One preferred version of a monitoring unit or controller may be in the form of an all-in-one device configured for monitoring fluid flow, including by selectively constricting or enabling fluid flow to thereby adjust the fluid flow rate. In one version, a retractable tool head having a terminal abutment may be actuated to apply pressure to the tubing set, effectively pinching the tubing and limiting the cross sectional area available for fluid flow when the tool head is pressed against the tubing. In other versions the internal area devoted to fluid flow is reduced in a different fashion other than by applying pressure or “pinching.” Preferably, the actuator is moveable in either direction to selectively restrict or increase the fluid flow through the tubing. Thus, the movement of the tool head toward and against the tubing may be reversed to withdraw the tool head and reduce or remove the pinching effect, thereby opening the internal area within the tubing in the vicinity of the tool head and allowing greater flow.

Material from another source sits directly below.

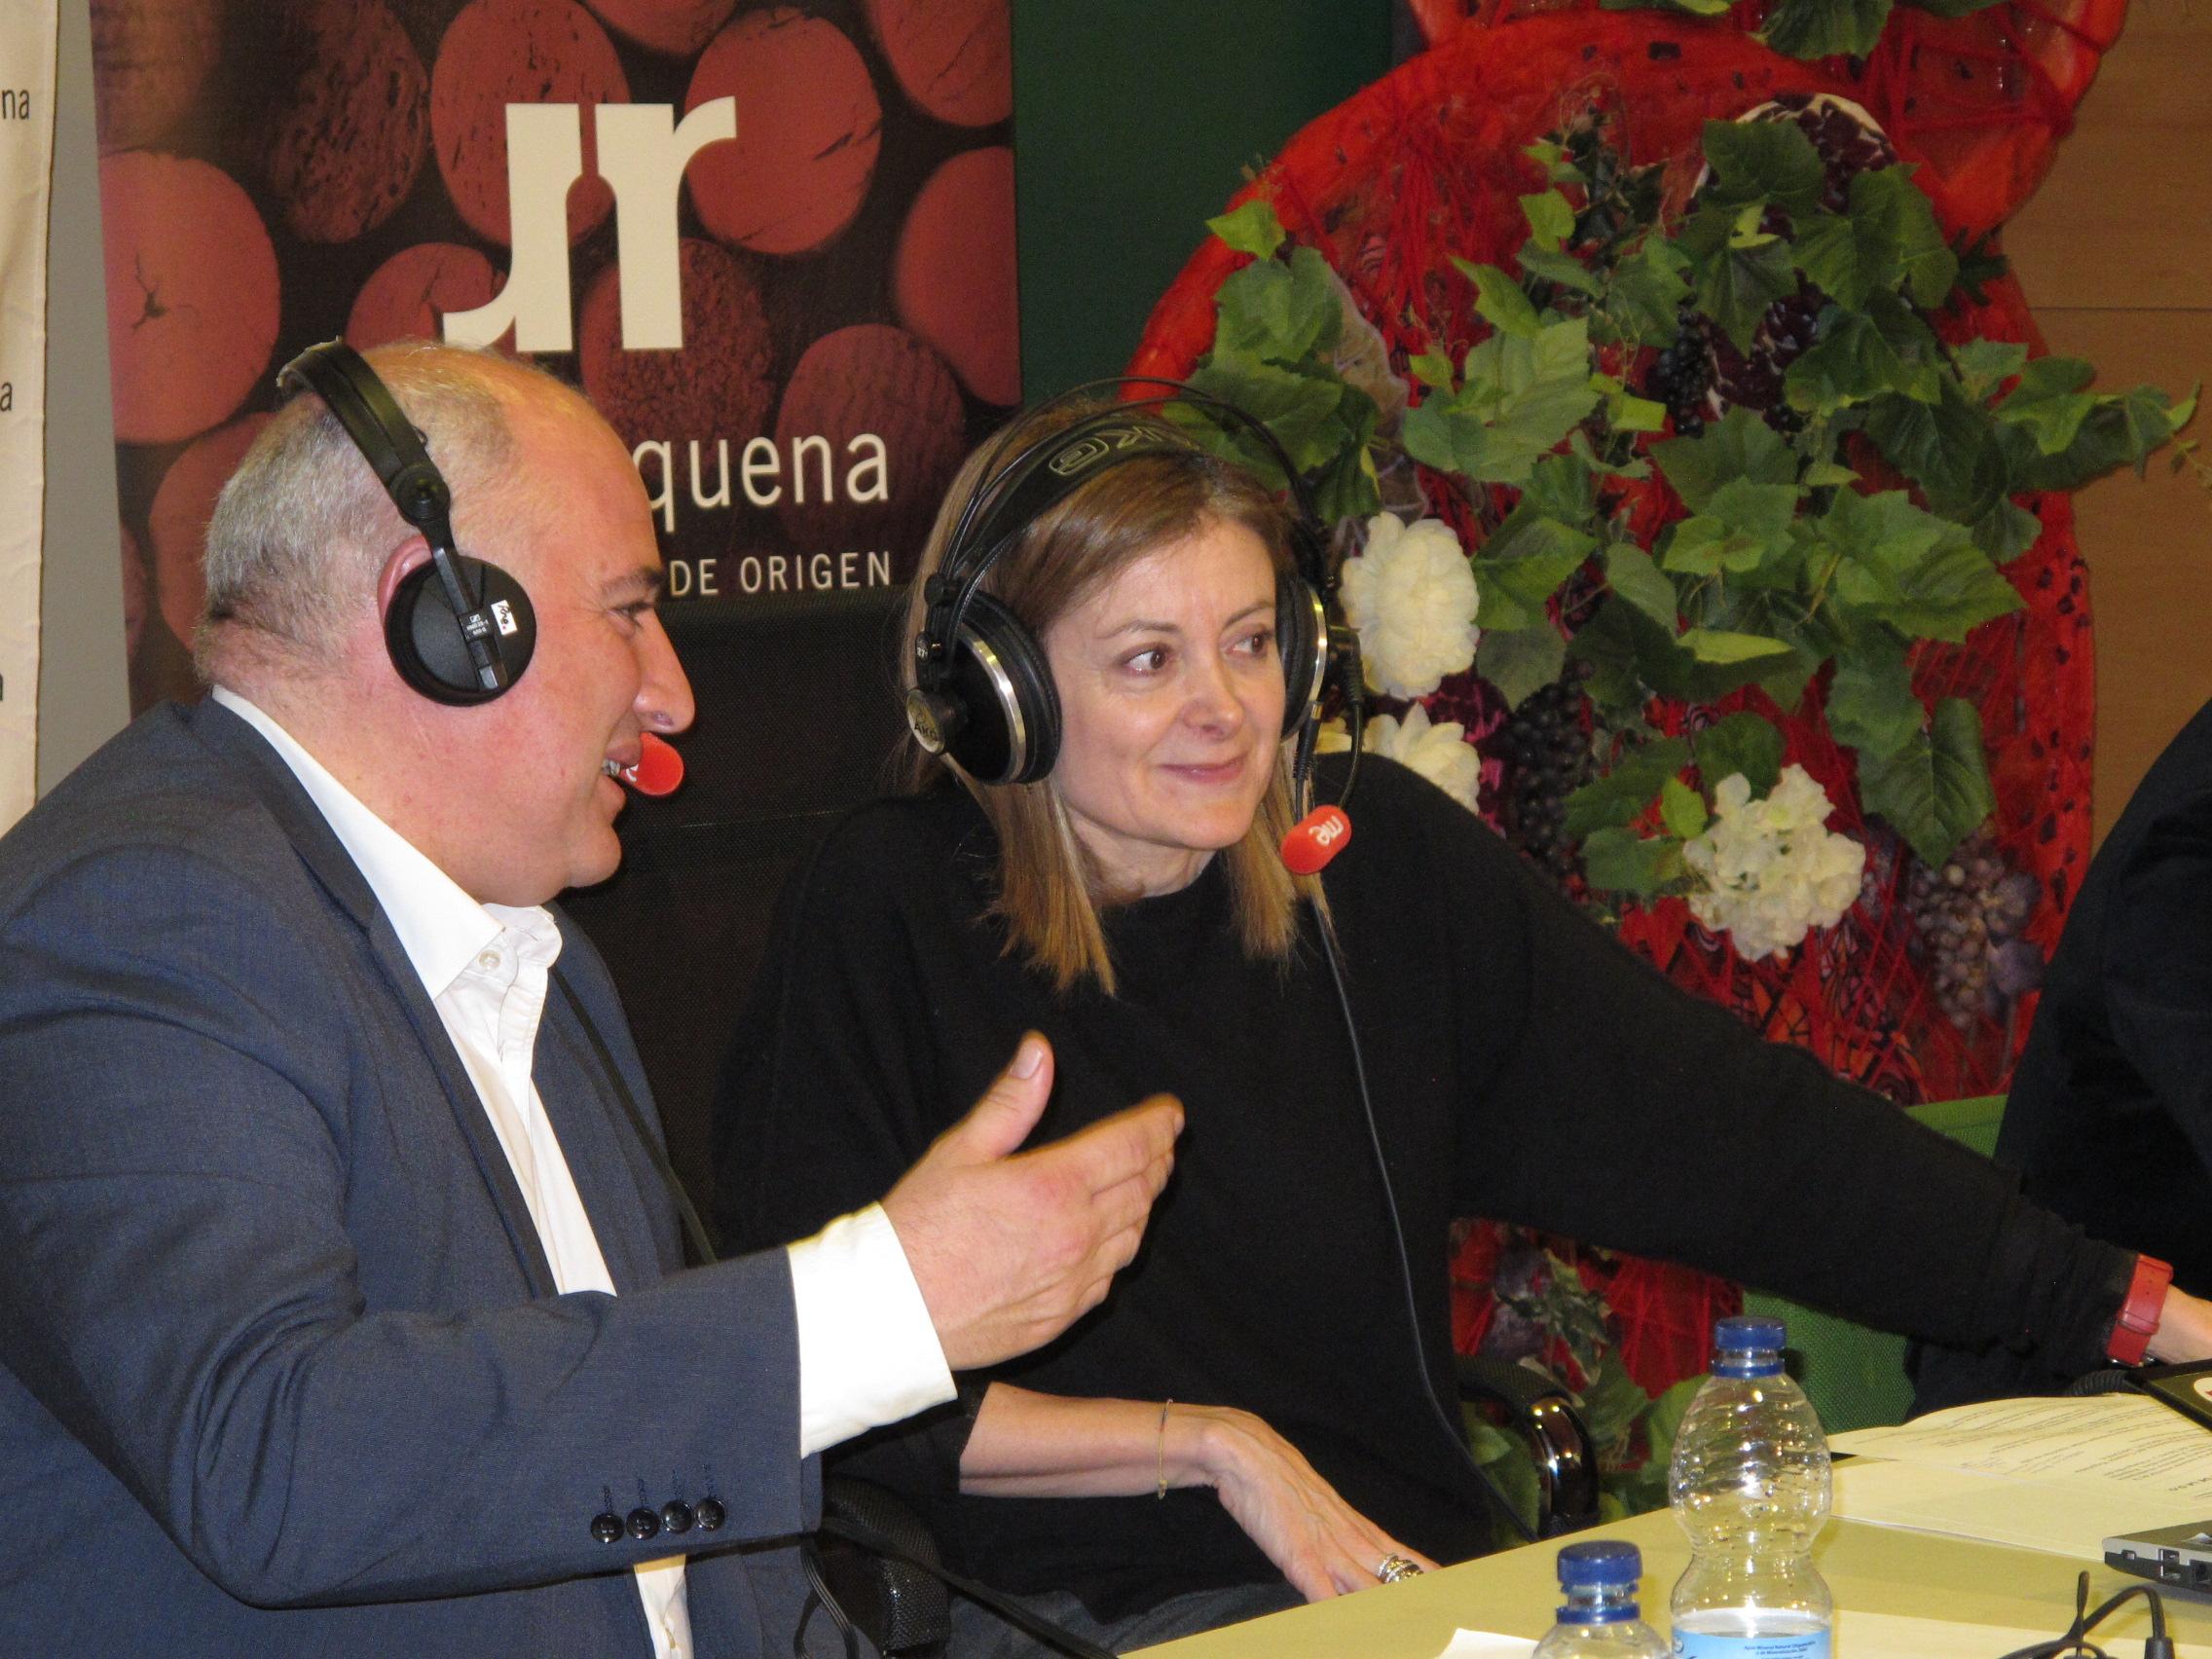 Entrevista Jose Miguel Medina Presidente de la D.O. Utiel Requena

A user interface allows for a desired flow rate to be indicated. A user can input into the controller a variety of settings including, but not limited to, the length of time an infusion should take place, the volumetric flow rate the fluid should flow, or the total volume of fluid to be allowed to flow through the controller. A microprocessor operates on stored programming instructions responsive to user input to indicate a desired flow rate, and then determines if the flow rate must be increased or decreased based on the current measured flow rate, causing the actuator to be adjusted accordingly, either by moving in a direction that pinches the tubing set more to reduce flow, or moving in the opposite direction to increase flow. By repeating this process continuously, repeatedly comparing the user-established input and controlling the actuator as necessary, the flow rate could be moderated.

One example of a gravity flow controller is shown in FIG. 1. As illustrated, the controller or monitoring device 100 mounts onto the drip chamber 110 of an infusion tubing set, with a tubing set including a collar 120 that fits into mounting rails 130, 132 on the controller to ensure proper alignment and secure the controller onto the drip chamber. The tubing 140 extends beyond (and beneath, as illustrated) the drip chamber 110.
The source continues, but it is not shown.